## [What needs to be done]
Please write out exactly the line containing "Glue e sealant remover spray 200ml - image" below and every line after it, through the last one, but leave out any pictures.

## [Raw data]
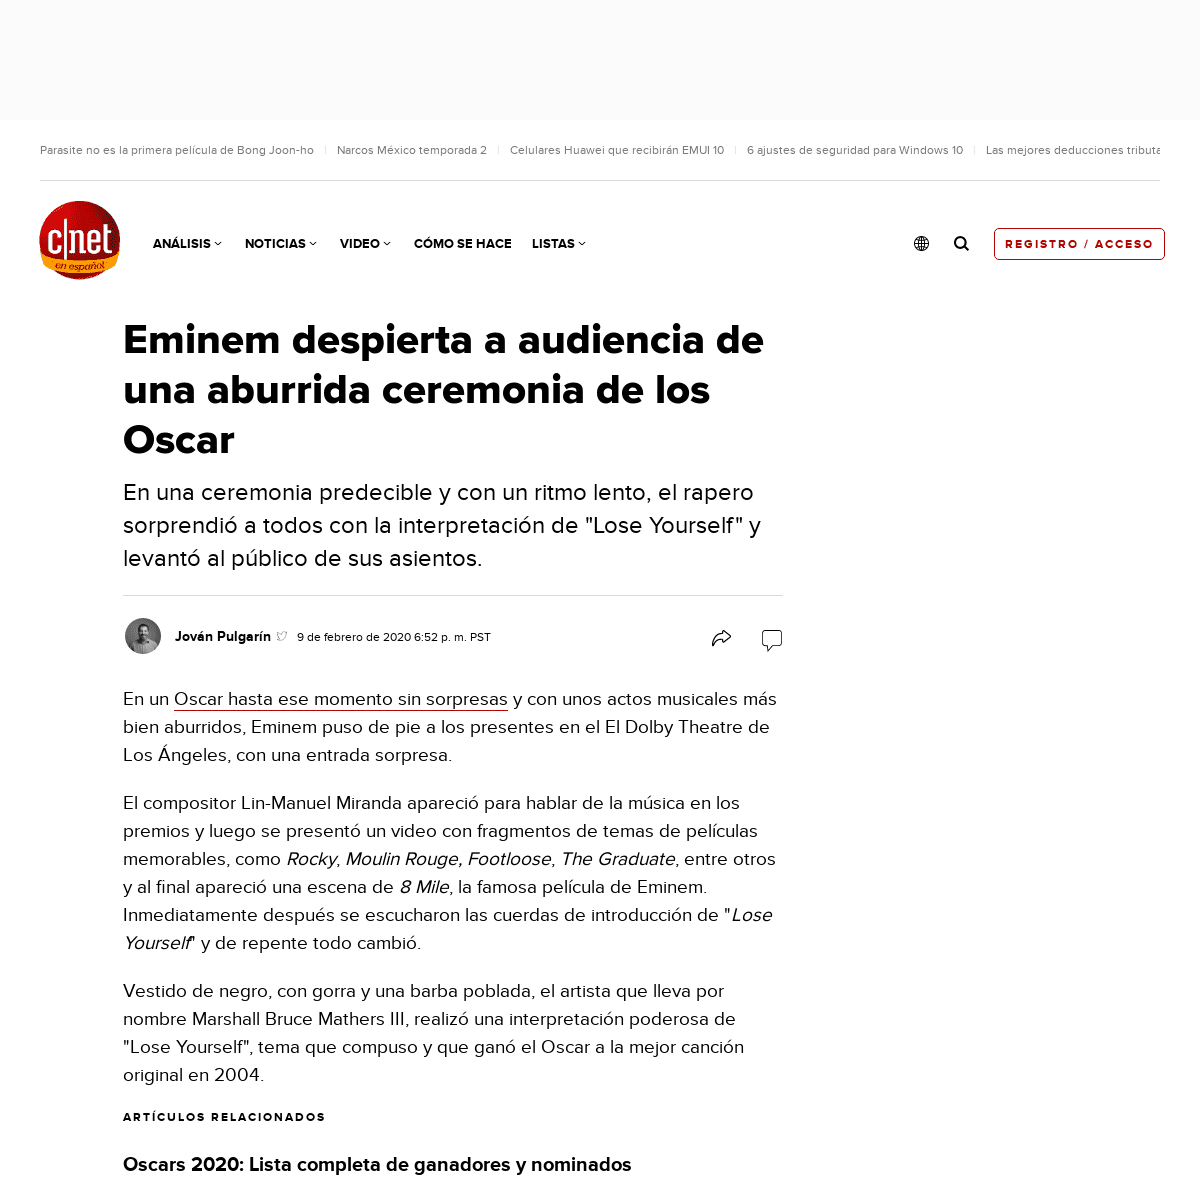 A complete backup of www.cnet.com/es/noticias/oscar-2020-eminem-despierta-audiencia-lose-yourself/
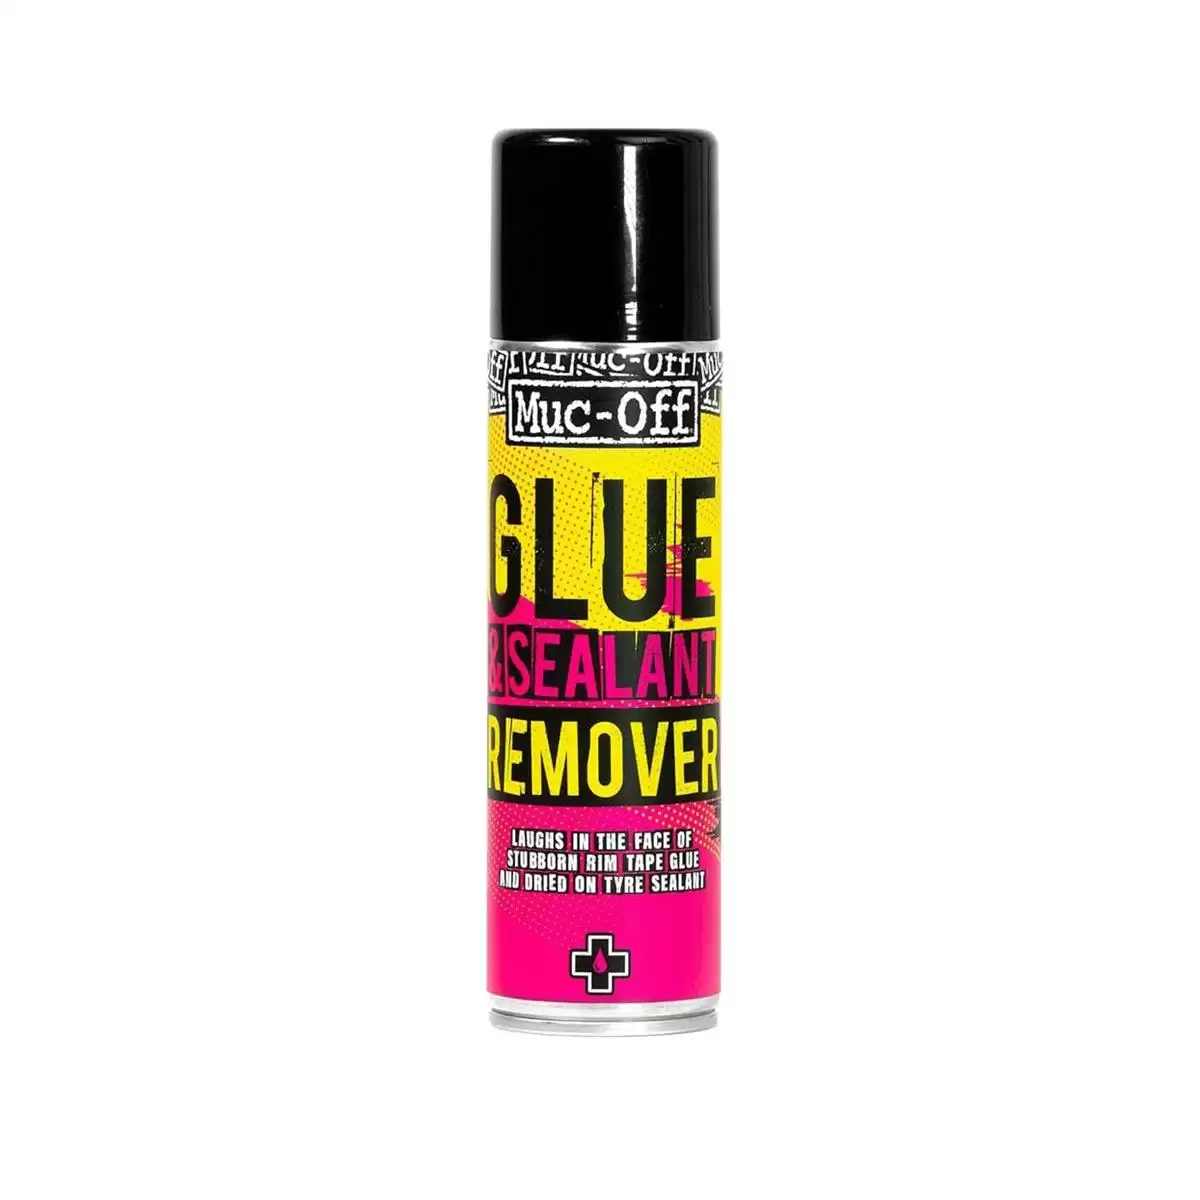 Glue e sealant remover spray 200ml - image
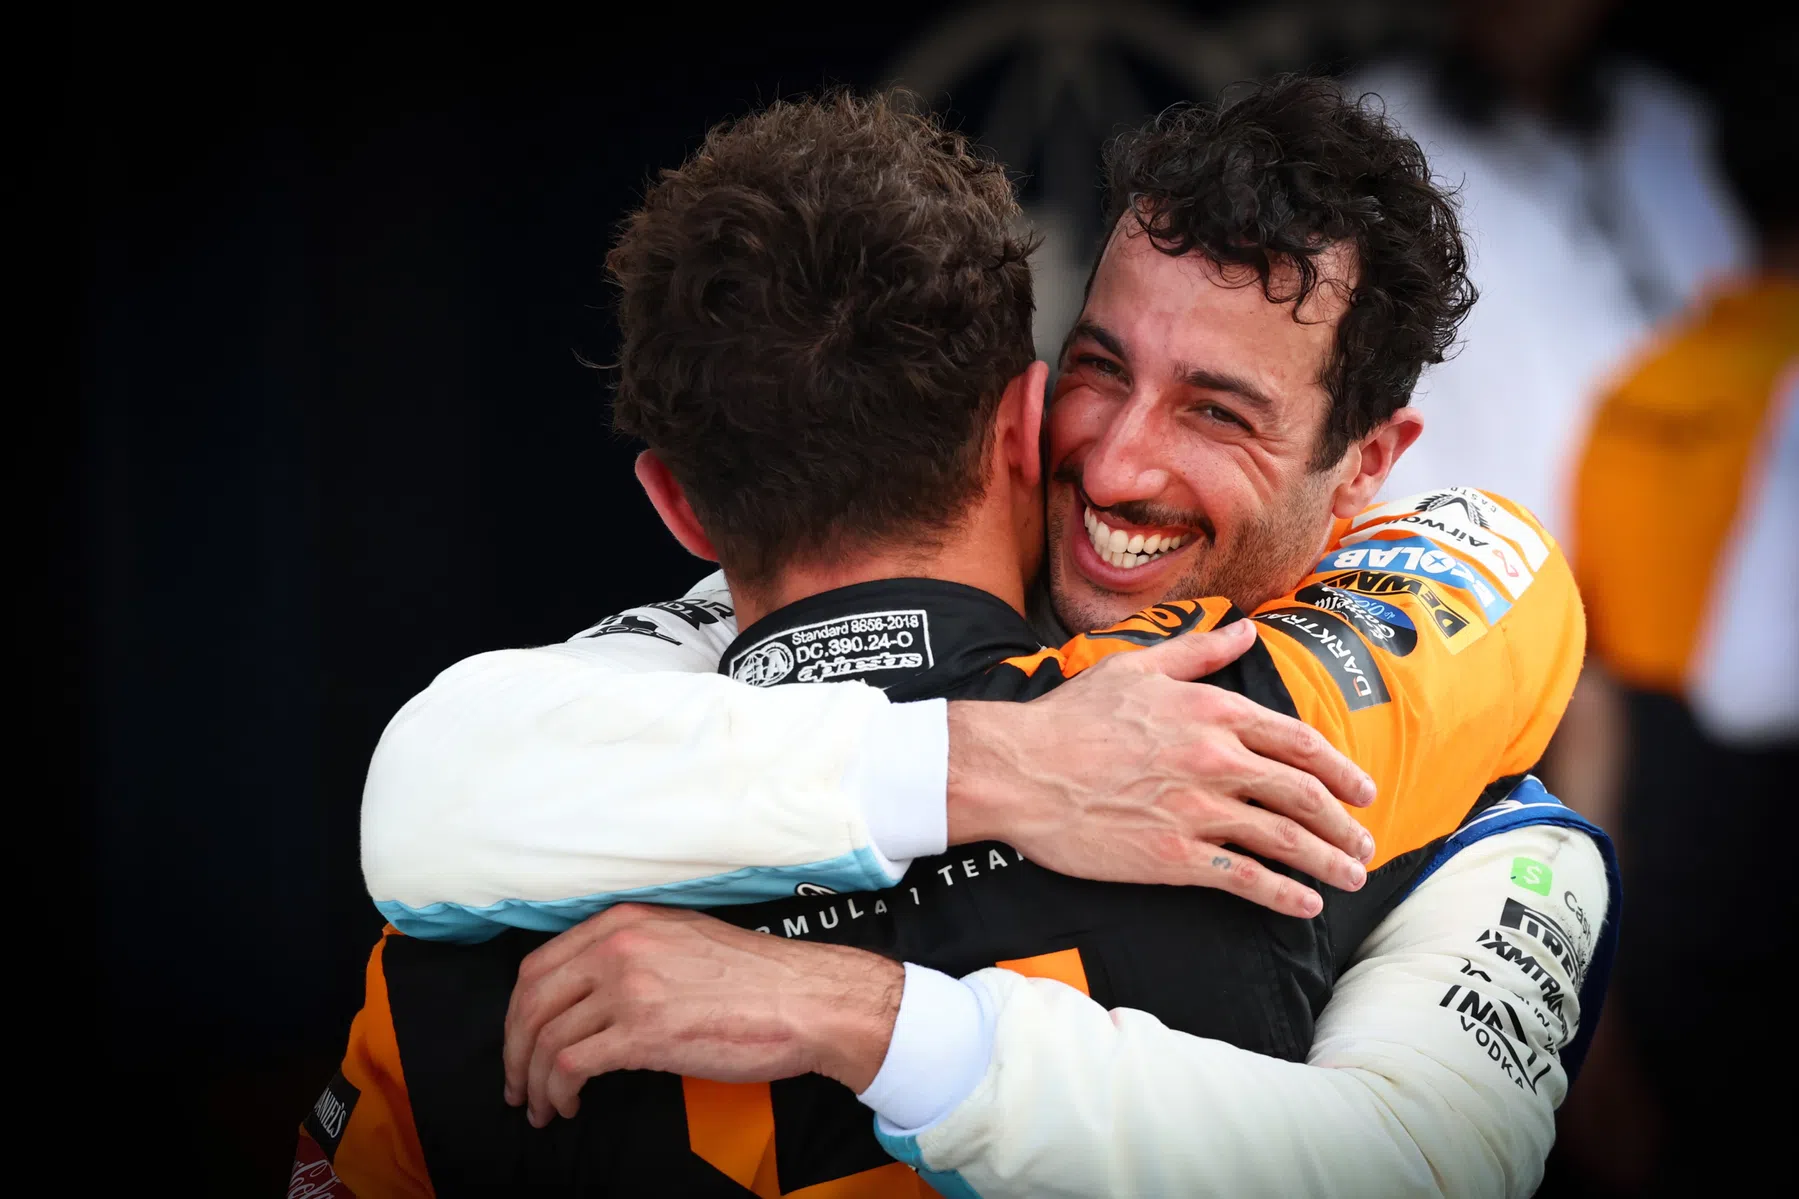 Ricciardo tells who his best friend on the grid is

## [Problem solution]
 Glue e sealant remover spray 200ml - image
 Ricciardo tells who his best friend on the grid is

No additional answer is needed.